What do you see as the future of STL and generic programming?
I mentioned before the dream of programmers having standard repositories of abstract components with interfaces that are well understood and that conform to common paradigms. To do that there needs to be a lot more effort to develop the scientific underpinnings of this style of programming. STL starts it to some degree by classifying the semantics of some fundamental components. We need to work more on that. The goal is to transform software engineering from a craft to an engineering discipline. It needs a taxonomy of fundamental concepts and some laws that govern those concepts, which are well understood, which can be taught, which every programmer knows even if he cannot state them correctly. Many people know arithmetic even if they never heard of commutativity. Everybody who graduated from high school knows that 2+5 is equal to 5+2. Not all of them know that it is a commutative property of addition. I hope that most programmers will learn the fundamental semantic properties of fundamental operations. What does assignment mean? What does equality mean? How to construct data structures.
At present C++ is the best vehicle for this style of programming. I have tried different languages and I think that C++ allows this marvelous combination of abstractness and efficiency. However, I think that it is possible to design a language based on C and on many of the insights that C++ brought into the world, a language which is more suitable to this style of programming, which lacks some of the deficiencies of C++, in particular its enormous size.
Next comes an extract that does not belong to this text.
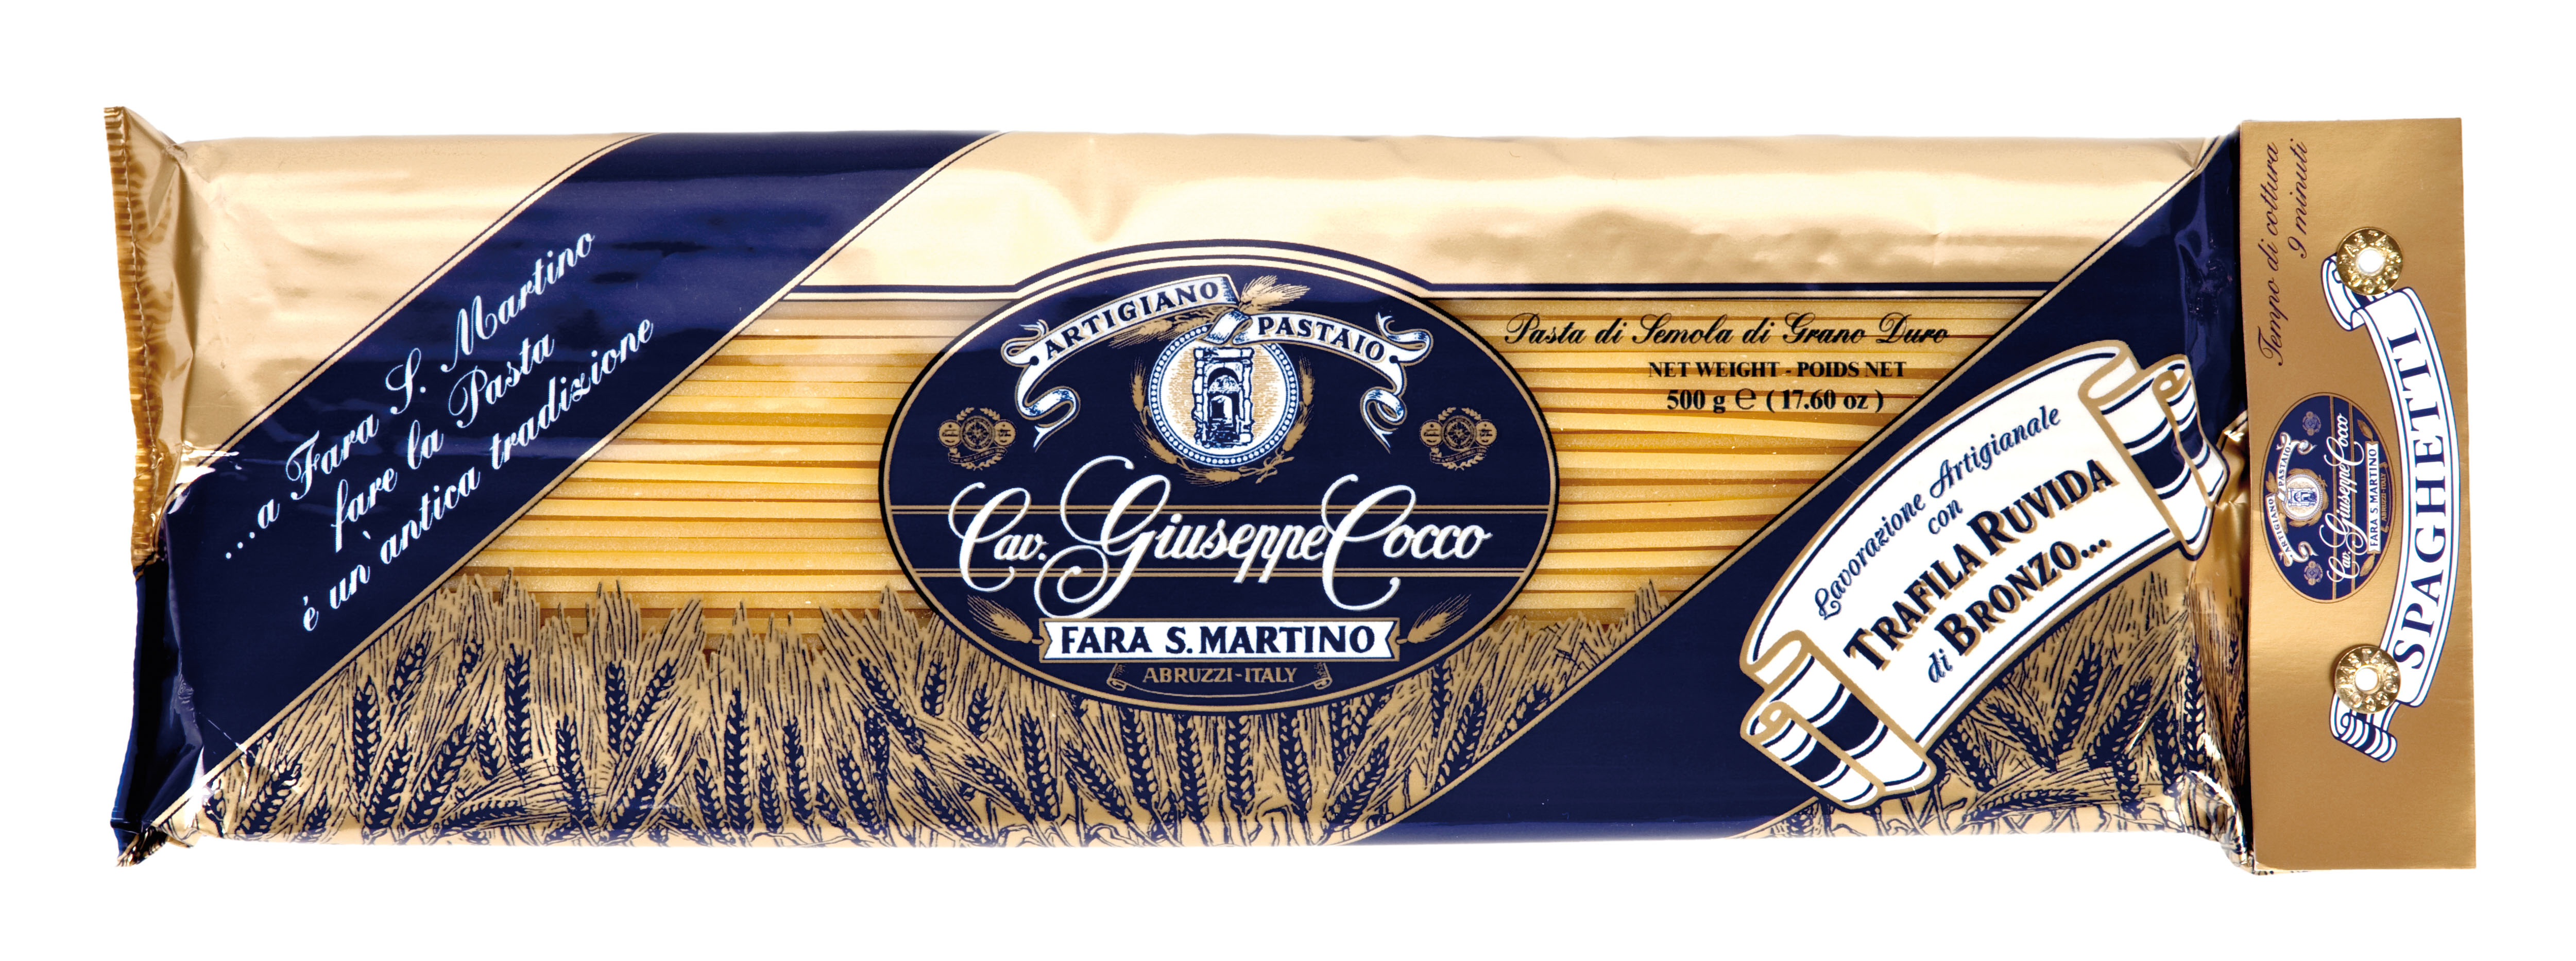 Spaghetti Nr. 33 500 g Packung Cocco

STL deals with things called concepts. What is an iterator? Not a class. Not a type. It is a concept. (Or, if we want to be more formal, it is what Bourbaki calls a structure type, what logicians call a theory, or what type theory people call a sort.) It is something which doesn't have a linguistic incarnation in C++. But it could. You could have a language where you could talk about concepts, refine them, and then finally form them in a very programmatic kind of way into classes. (There are, of course, languages that deal with sorts, but they are not of much use if you want to sort.) We could have a language where we could define something called forward iterator, which is just defined as a concept in STL---it doesn't have a C++ incarnation. Then we can refine forward iterator into bidirectional iterator. Then random iterator can be refined from that. It is possible to design a language which would enable even far greater ease for this style of programming. I am fully convinced that it has to be as efficient and as close to the machine as are C and C++. And I do believe that it is possible to construct a language that allows close approximation to the machine on the one hand and has the ability to deal with very abstract entities on the other hand. I think that abstractness can be even greater than it is in C++ without creating a gap between underlying machines. I think that generic programming can influence language research and that we will have practical languages, which are easy to use and are well suited for that style of programming. From that you can deduce what I am planning to work on next.